Vietnam's 'camps': dumping ground for nonconformists

Eight years after the fall of Saigon (now Ho Chi Minh City), Vietnam's ''Gulag Archipelago'' remains a controversial target for human rights activists. Vietnam's security forces remain committed to contain - by imprisonment, if necessary - what are seen as present or potential security risks.

These include both anti-communists and others who may resent what they see as a dominance of the south by northerners since re-unification after the Vietnam war.

In fact, many of the thousands sent to ''re-education camps'' for labor and indoctrination have been sent not simply for past acts - but as a precaution against any future opposition.

This is a kind of ''preventive detention,'' says Douglas Pike, director of the Indochina studies project at the University of California, Berkeley.

''Many had been National Assembly members, educators, and religious or village leaders. They were the 'loose cannon on deck', the people who might gain influence in the future.''

The Vietnamese communists appear to have hoped that systematic indoctrination under pressure would neutralize future opposition. ''The Communist Party has great faith in its ability to persuade people to see things its way,'' he notes.

There is still no clear sign that Vietnam is prepared to deliver on a trial balloon floated by officials late last year. That was to release some of the thousands of southern Vietnamese prisoners so that they can continue their ''re-education'' at home under supervision of mass organizations.

The delay of this move has set back what are seen as two objectives for Vietnamese leaders: to reduce the cost of maintaining these camps and to soften the criticism of outside human rights activists.

One problem: The longer prisoners are interned, the more embittered they may become, thus making them a greater risk if they are eventually released. But Vietnamese officials continue to argue that they are gradually reducing the number of prisoners.

Justice Minister Phan Hien said in May there are only 10,000 prisoners in ''re-education camps'' - compared to a figure of 16,000 cited last summer by Foreign Minister Nguyen Co Thach. From 1980 to 1982 Vietnamese officials used the figure 22,000.

The United States maintains that the number held in the camps is much higher. It sometimes uses the number 50,000, although a spokesman says that figure may be conservative.

The London-based human rights organization Amnesty International concludes that since the end of the war, those sent for ''re-education'' have included another group besides the government officers, political figures, and army and police officials of South Vietnam imprisoned soon after 1975.

The new group includes professionals, writers, artists, journalists, and community leaders held for expression of their views, Amnesty noted.
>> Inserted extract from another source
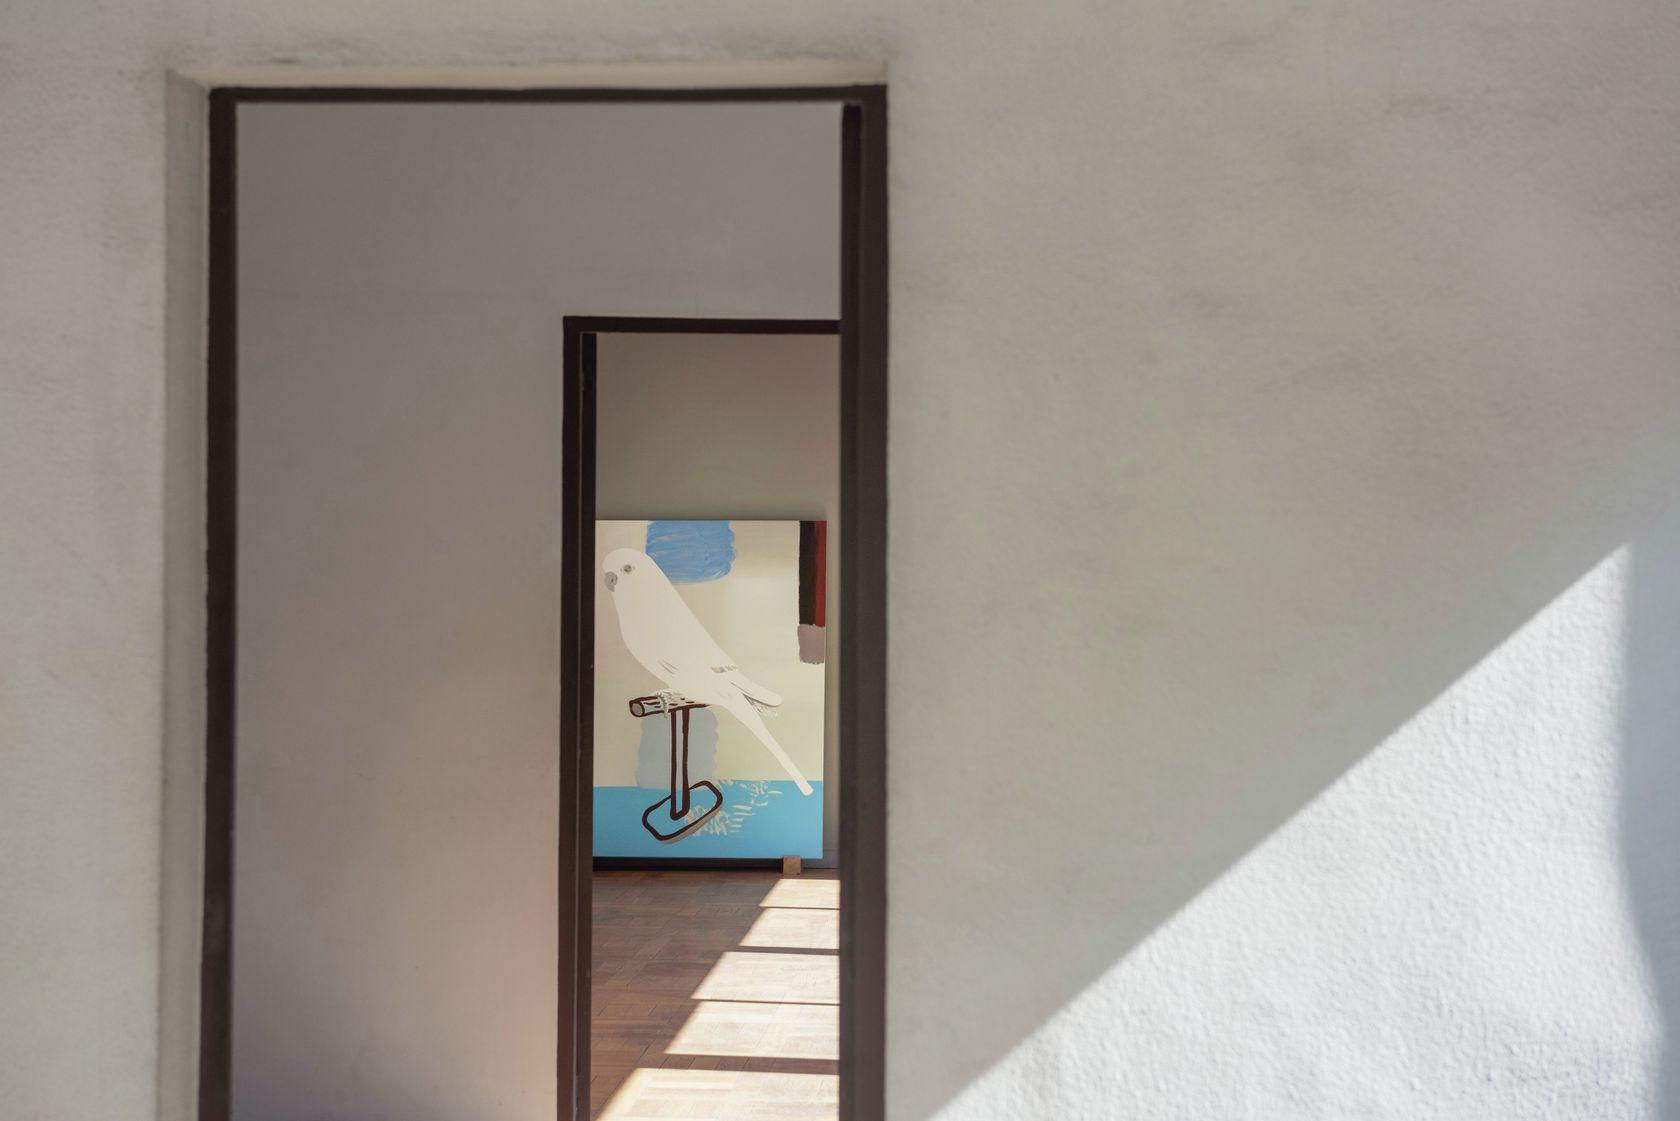 Françoise Pétrovitch, Perruche, 2019 Habiter la Villa, Villa Savoye, Poissy (FR) 18 septembre 2020 - 24 janvier 2021 © Hervé Plumet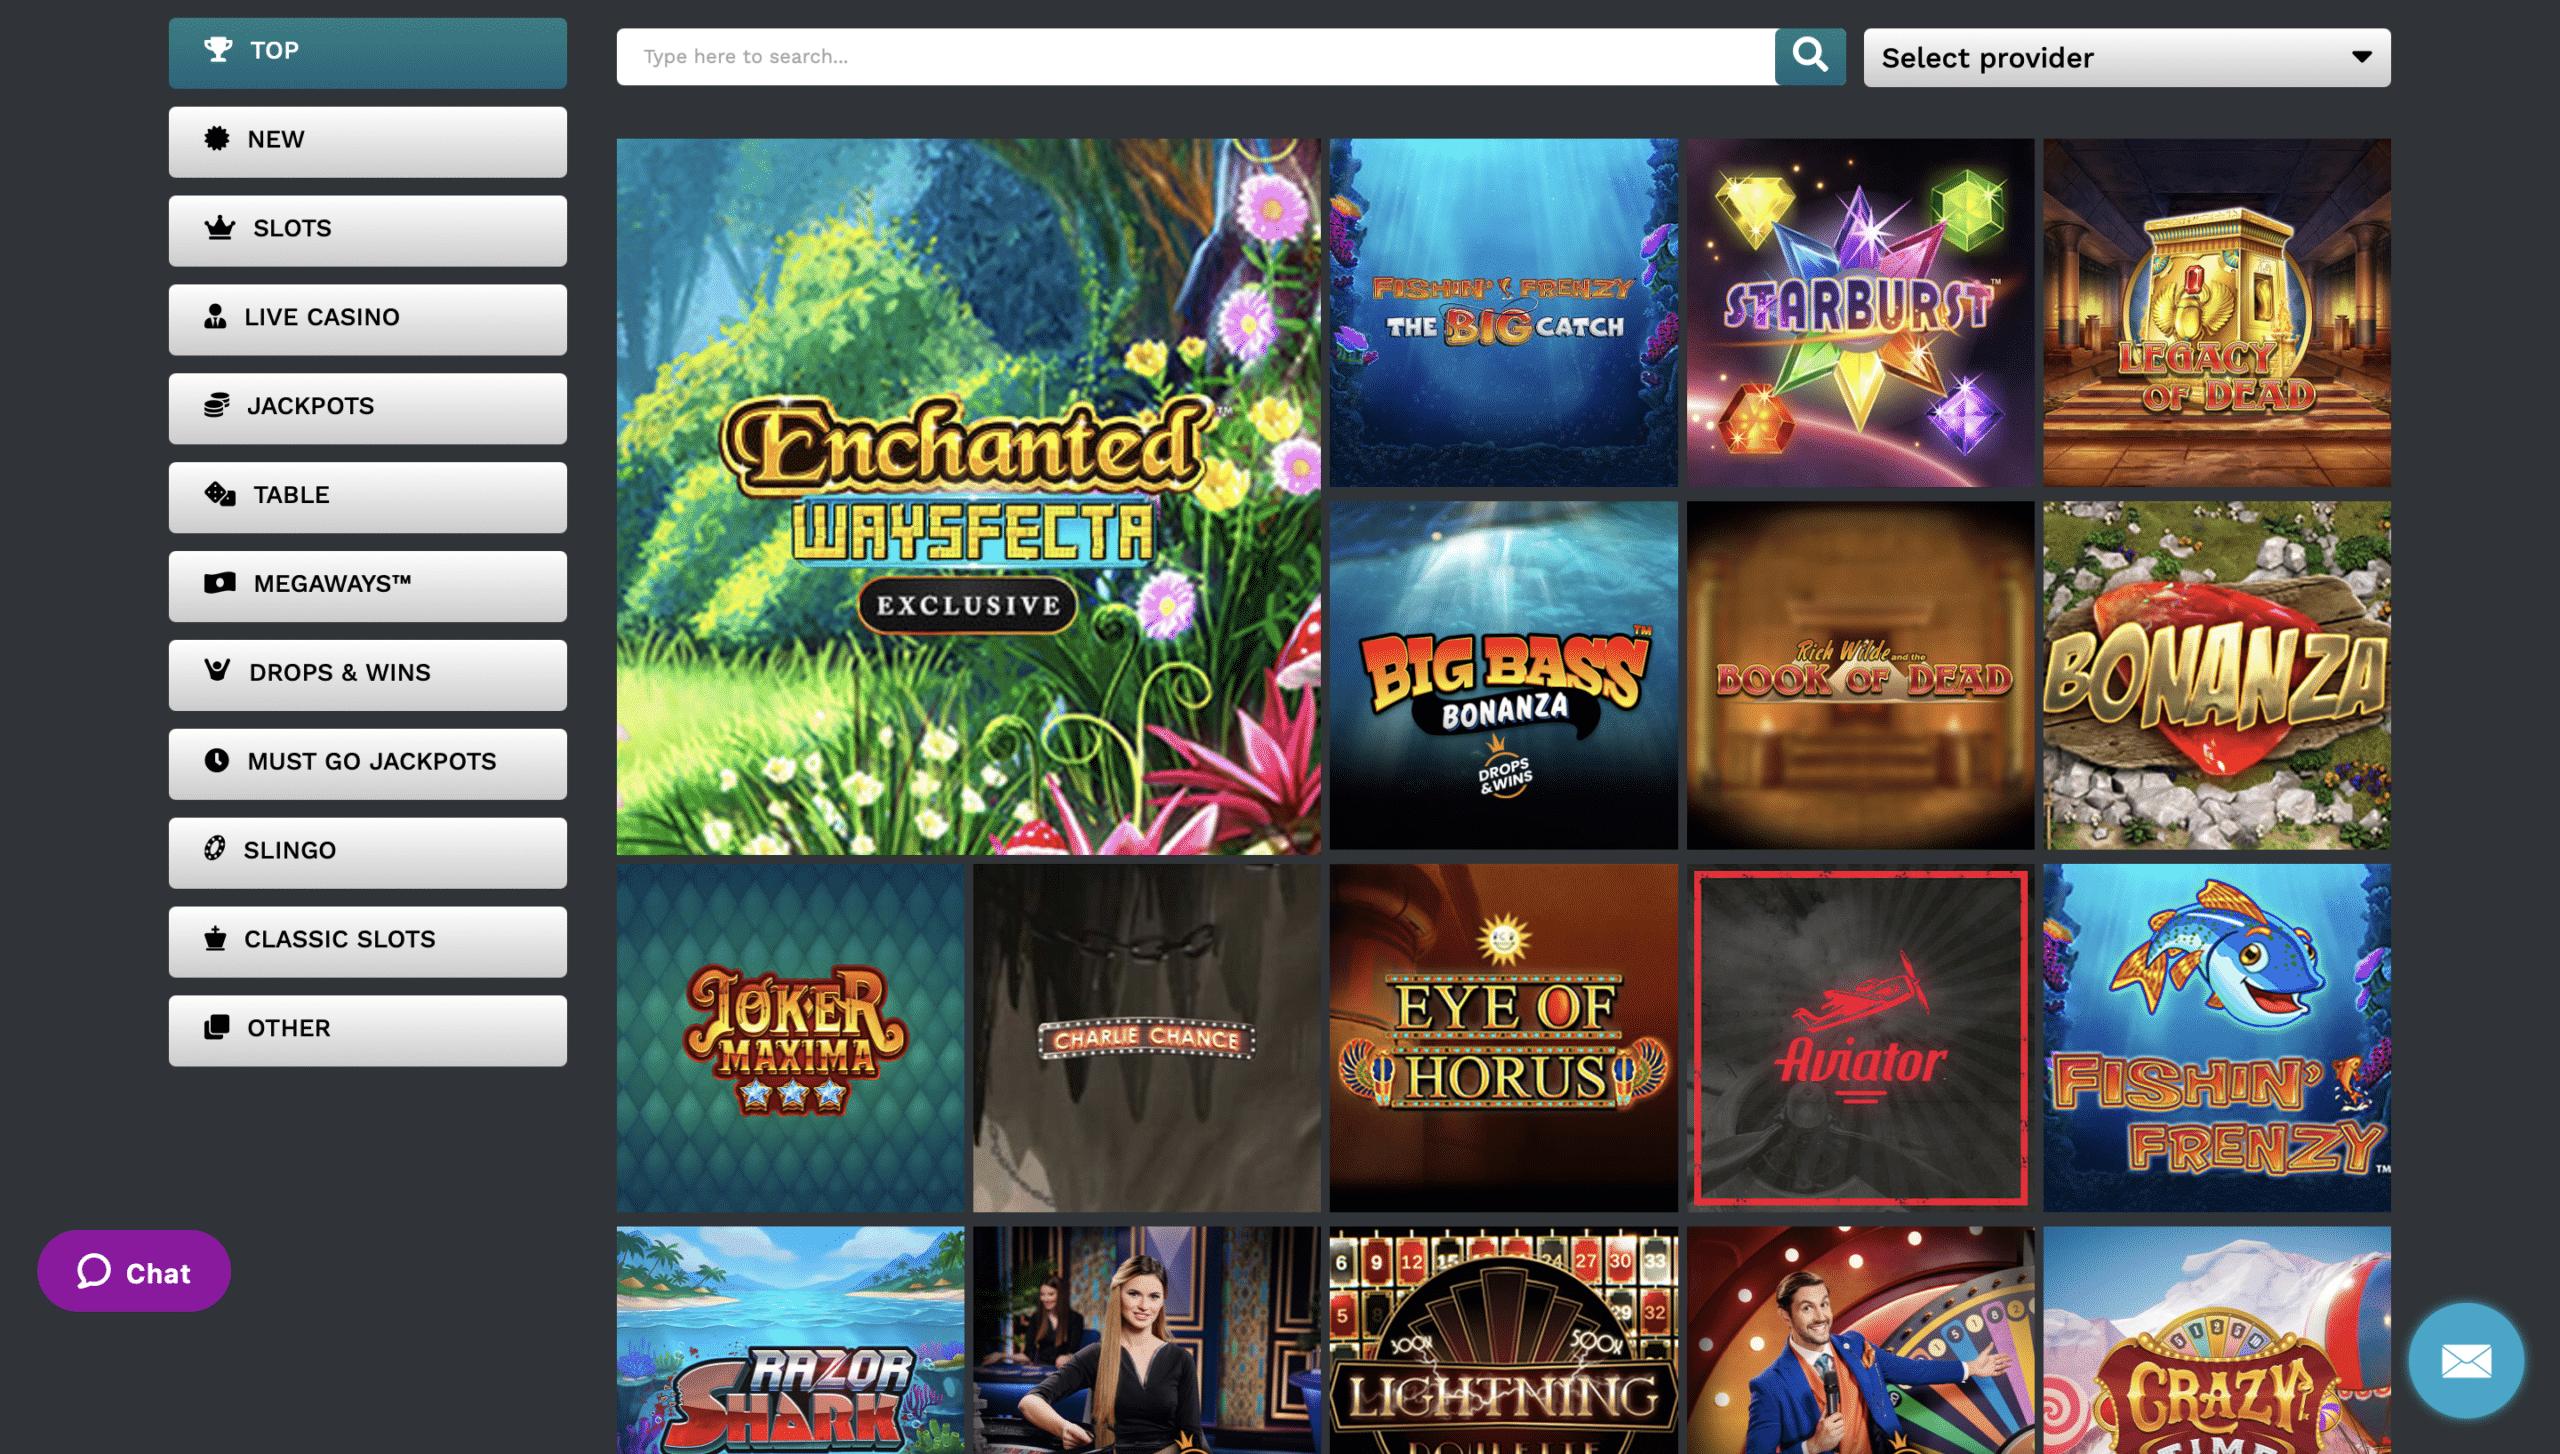 21Prive Casino Game Selection

It reports that among these were the popular artist and cartoonist Choe (Nguyen Hai Chi), now held without trial for seven years, writers Nguyen Van Khanh and Nguyen Thanh Chieu, and medical researcher Dr. Nguyen Dan Que.

Amnesty, like other observers, has pointed out that the thousands sent to ''re-education'' camps have for the most part never been formally charged or tried in court. The foreign minister made a familiar defense of this in comments to four retired US diplomats who vistited Vietnam in February.

''Ninety percent of the people in re-education camps were guilty of capital offenses, and therefore the government was showing mercy by not putting them on trial,'' the foreign minister was quoted as saying.

Mr. Pike distinguishes those sent to ''re-education camps'' from those former members of the South Vietnamese security police who were executed or worked to death on special projects, including mine clearing operations.

''Often no charges were made. You could not tell if someone was sent to a camp because of something he had done or something the government thought he might do in the future,'' says one Vietnamese whose father died while a prisoner in a ''re-education camp.''

''I never could find out what my father was accused of,'' he adds.